Serious adverse events utility decrements

The SAE utility decrements were based on analyses performed using a regression model by pooling data across solid tumor trials (Table 4)²⁸.

Multiple myeloma progression utility decrements

MM progression was modeled by applying a 19.5% decrement to the baseline utility of patients with non-progressive disease, as previously done by van Agthoven et al.⁴⁴, with a baseline utility of 0.80 for patients with non-progressive disease (typically such patients were on, or had recently completed, first-line anti-myeloma treatment).

Costs

The model inputs included direct medical costs for drug acquisition, drug administration, SAEs, SRE management (hospital, outpatient, long-term care and hospice, strong opioid, ED visits, physical therapy, and skilled nursing facility), direct non-medical costs (for caregiver time and driving/parking time to attend medical appointments), and indirect costs (short-term disability and productivity loss). All of the above costs were included in the societal perspective analysis. The payer perspective did not include direct non-medical costs or indirect costs.

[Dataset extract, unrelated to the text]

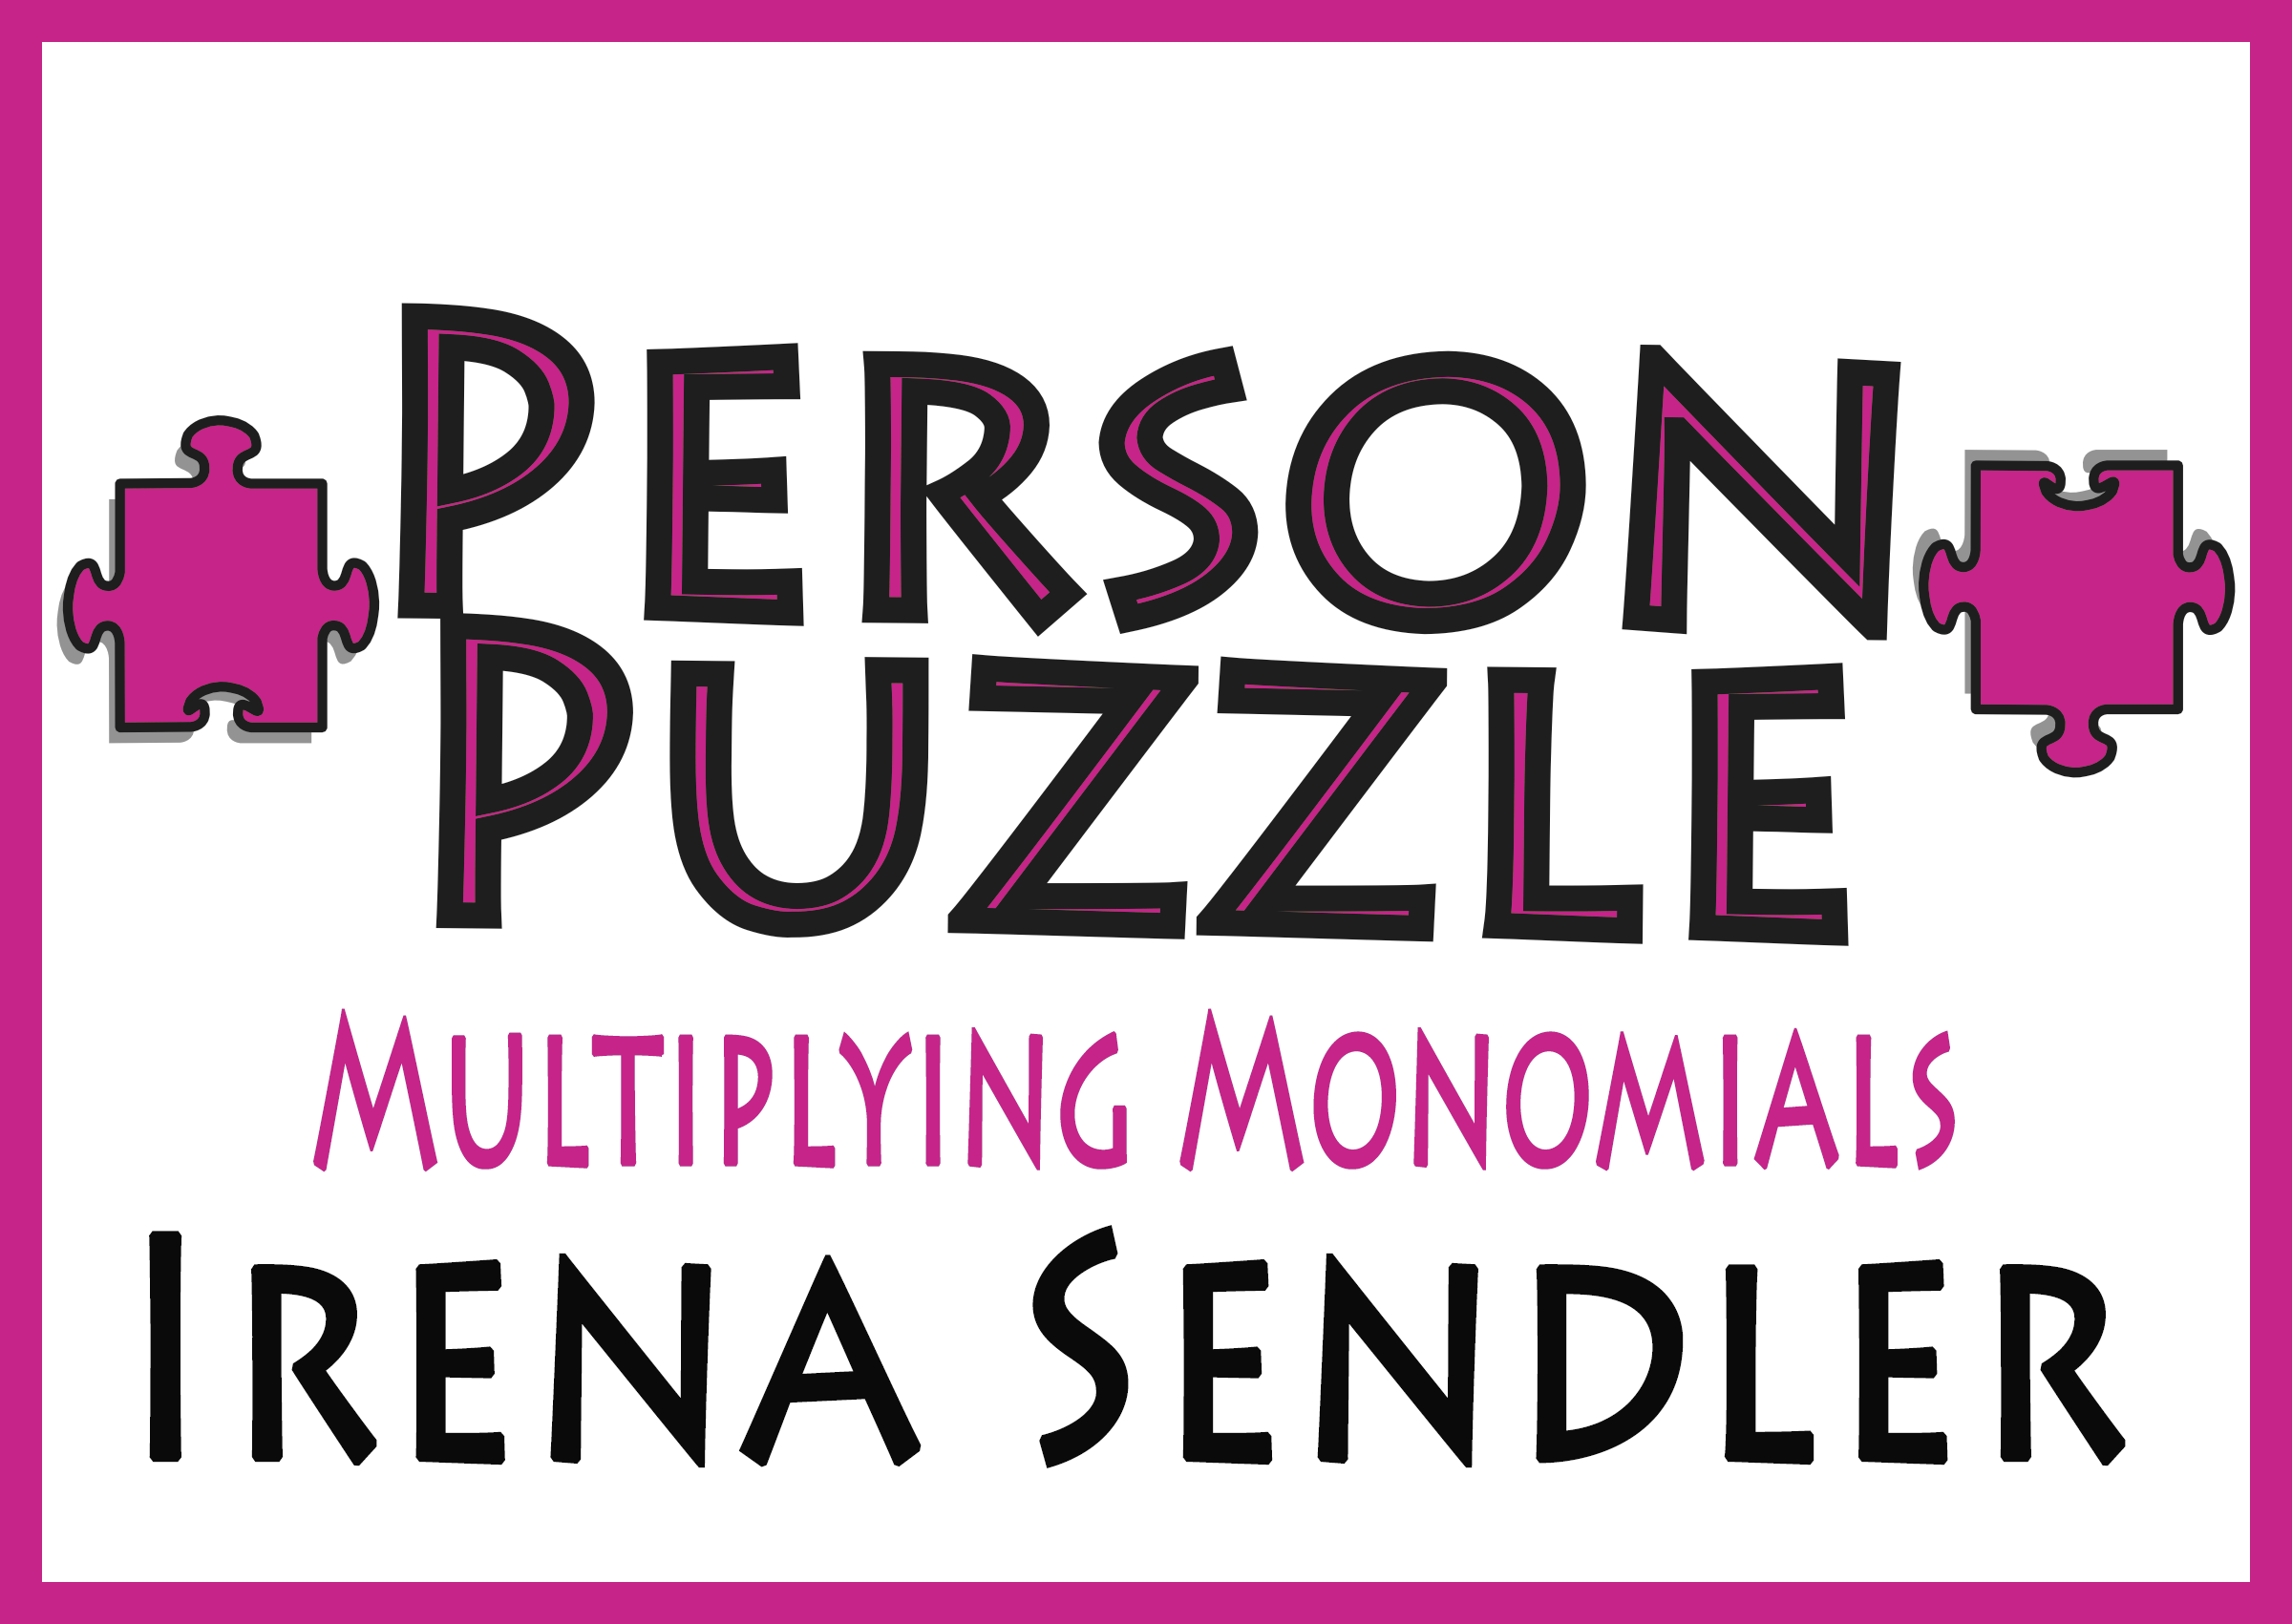 Person Puzzle Multiplying Monomials
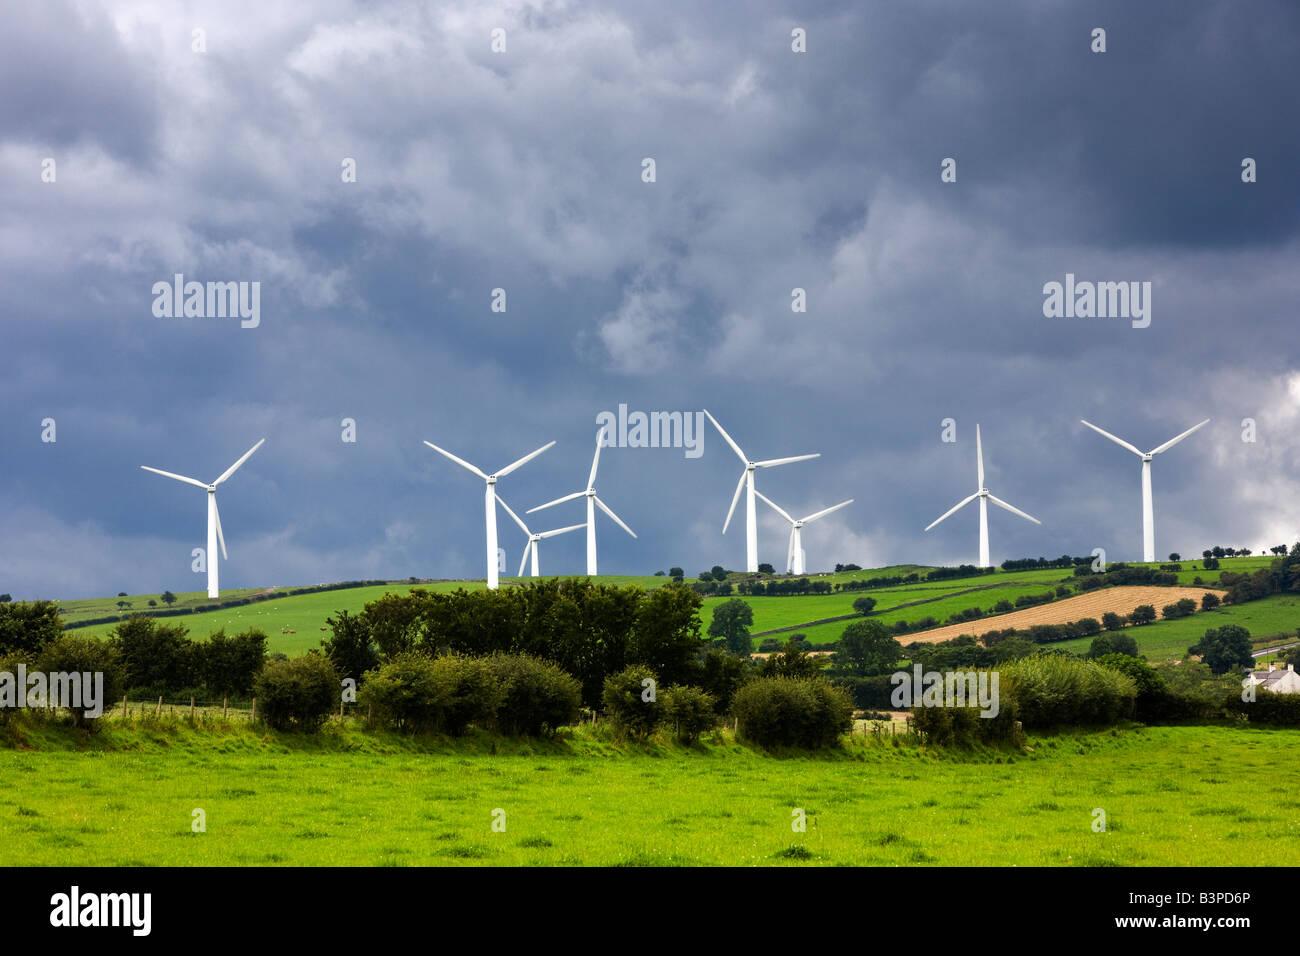 Turbine-Windpark bei Bothel, Lake District, Cumbria, UK Stockbild

Drug acquisition costs were based on average selling prices per dose (ASP; $1,928 and $45 for denosumab and zoledronic acid, respectively) from the Centers for Medicare & Medicaid Services (Q3 2017)⁴⁵. Wholesale drug acquisition costs per dose (WAC; $2,155 and $922, respectively) in 2017 were used for an alternative scenario analysis (Table 5). The doses given were: denosumab 120 mg subcutaneously every 4 weeks and zoledronic acid 4 mg intravenously every 4 weeks. Modifications to the zoledronic acid dose were performed according to the label.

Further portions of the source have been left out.